DADDY’S DAUGHTERS: By Brian Woods

Being a father is no easy task, but being a father with teenage girls will have you pulling your hair out. I was raised by women, so I learned to listen to women early in my life, which served me well in relationships, and in my bond with my daughters.

As they were growing up, I often wondered when would be the right time to have THE TALK, the one thing that father’s dread, but must be told. I came to the conclusion that it would be best for me to give them the WHOLE game, and not just the part of it. My girls had to know what they would be up against, going into the world as young black women, so I started with the basics.

When they were young, I told their mother, my wife at the time, that I would treat my girls like a father should. I bought my two oldest, who are now 17 and 15, their first diamond when they hit the age of 12. I took them to buy their first bras, as well as their first box of pads when their period first started, I remember that day well lol. I took them to their  8th grade Prom, as well as told, and showed them how a young man was supposed to treat them on a date. I knew that as their father,  I had to be very involved in their life.

When our oldest started middle school, I felt the time was right to have THE TALK. I realized early that kids these days are exposed to more sexually based things than we were coming up. And I knew that even though we were strict on the types music our kids listened to, the types of programs they watched on t.v. we had no control over what other kids listened to and saw at home, and that our kids could be exposed to certain things indirectly through others. I took it to heart that I had to be clear and very honest with my girls, to prevent them from becoming a statistic.

I started by explaining to them what they need to look for, and listen for, when dealing with boys. The one thing that’s for sure, is that the game doesn’t change, the players do, but the intent remains the same, to conquer. I explained to them what some boys will say to get their attention, how they will give them all kinds of compliments like how pretty they are. I had to give them the game, without them being in the game. One day my oldest came home, and asked me what a blow job was, because the girls at school were talking about it, and laughed at her because she didn’t know what they were talking about. I explained to her what it was, and how young ladies shouldn’t be doing it. I took her to the computer and pulled up a site that showed venereal diseases of the genitals and mouth, which had some very graphic images.

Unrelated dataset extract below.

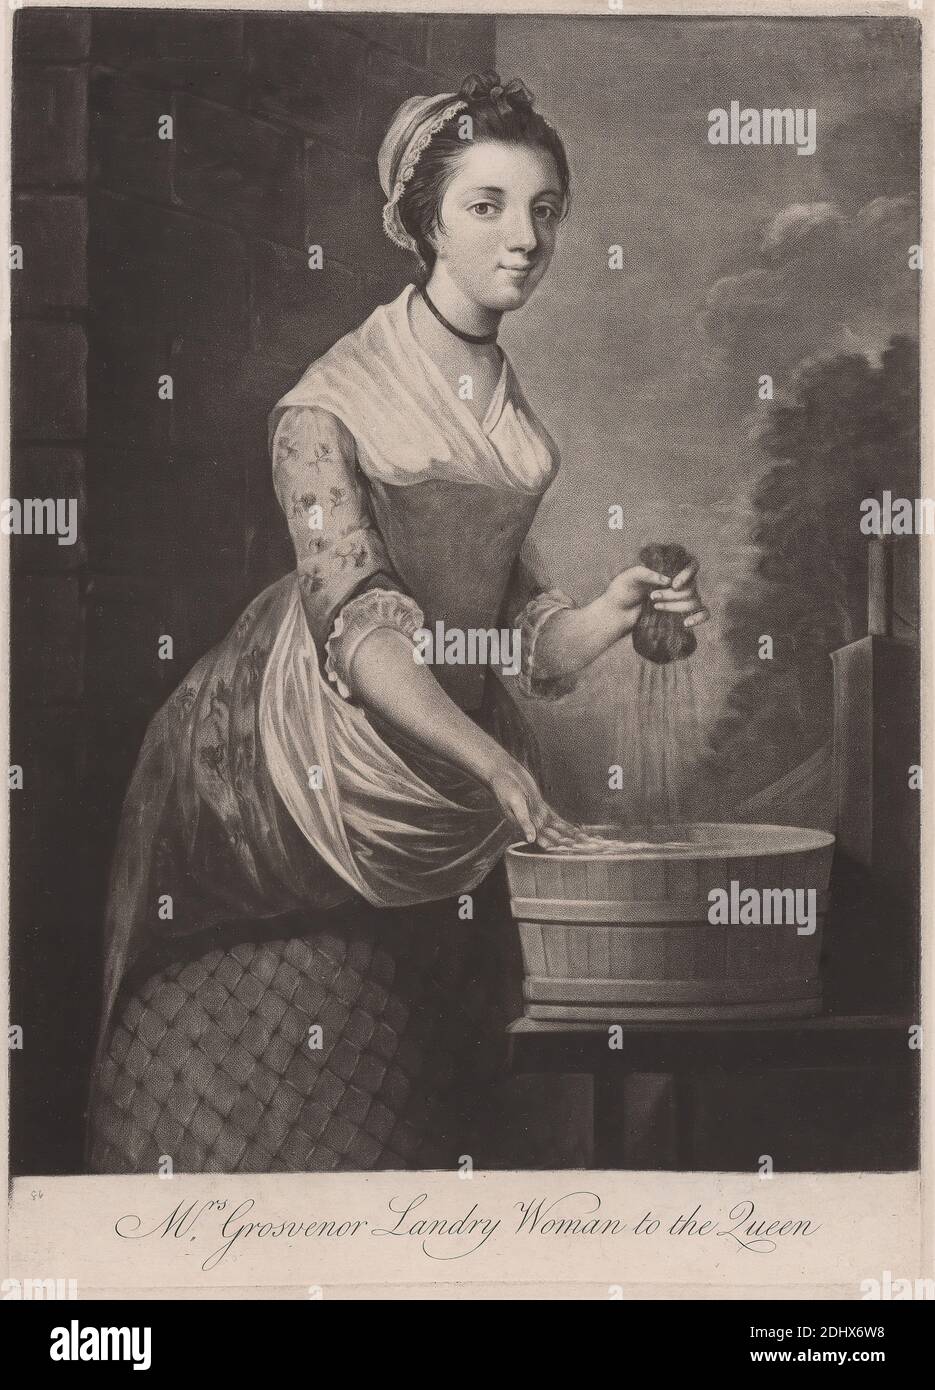 Frau Grosvenor Frau zur Königin, unbekannte Künstlerin, achtzehnten Jahrhundert, undatiert, Mezzotint Stockfoto

I could see the pictures were having an effect on her, but she had to know the bad side to sex, since her friends would only tell her the good parts. I had to be honest when it comes to how real life is, and how sex plays a  part in it. The last thing I wanted was for my girls to be teen mothers, or to catch a disease. A lot of girls go through life NOT knowing, NOT having a male in their life who’s willing to show them what love is, and who cares enough to make sure she’s fully aware of what lay ahead when dealing with the opposite sex.

Fast forward some years,  and my oldest is a senior in high school now, and her sister a sophomore. They both have seen the things I warned them about play out through their friends. They’ve seen the games boys play, they’ve seen two of their friends have babies, and how hard  their lives are now. They’ve seen how young girls eager for love and acceptance, give up the most precious part of their bodies all for a boy.

Thank God we haven’t had any pregnancy scares, we haven’t had to deal with the broken heart, or the drama that comes with young love. I have told my girls that boys will be there, so don’t be in a rush to fall in love.

This time in your life should be devoted to setting yourself up for later in life, so your education is very important. Once they turn 18 they will be allowed to date, have boyfriends and so on.

As a father, I can only hope that the things I’ve taught them about love and life, will stick with them as they grow into womanhood. That’s the only thing a parent, who’s been involved with every aspect of their kids upbringing can ask for.

No matter how bad we may want to, we can’t live their life for them, no more than our parents could live our lives for us. So we just hope and pray that our love and wisdom that we’ve given them sticks and stays.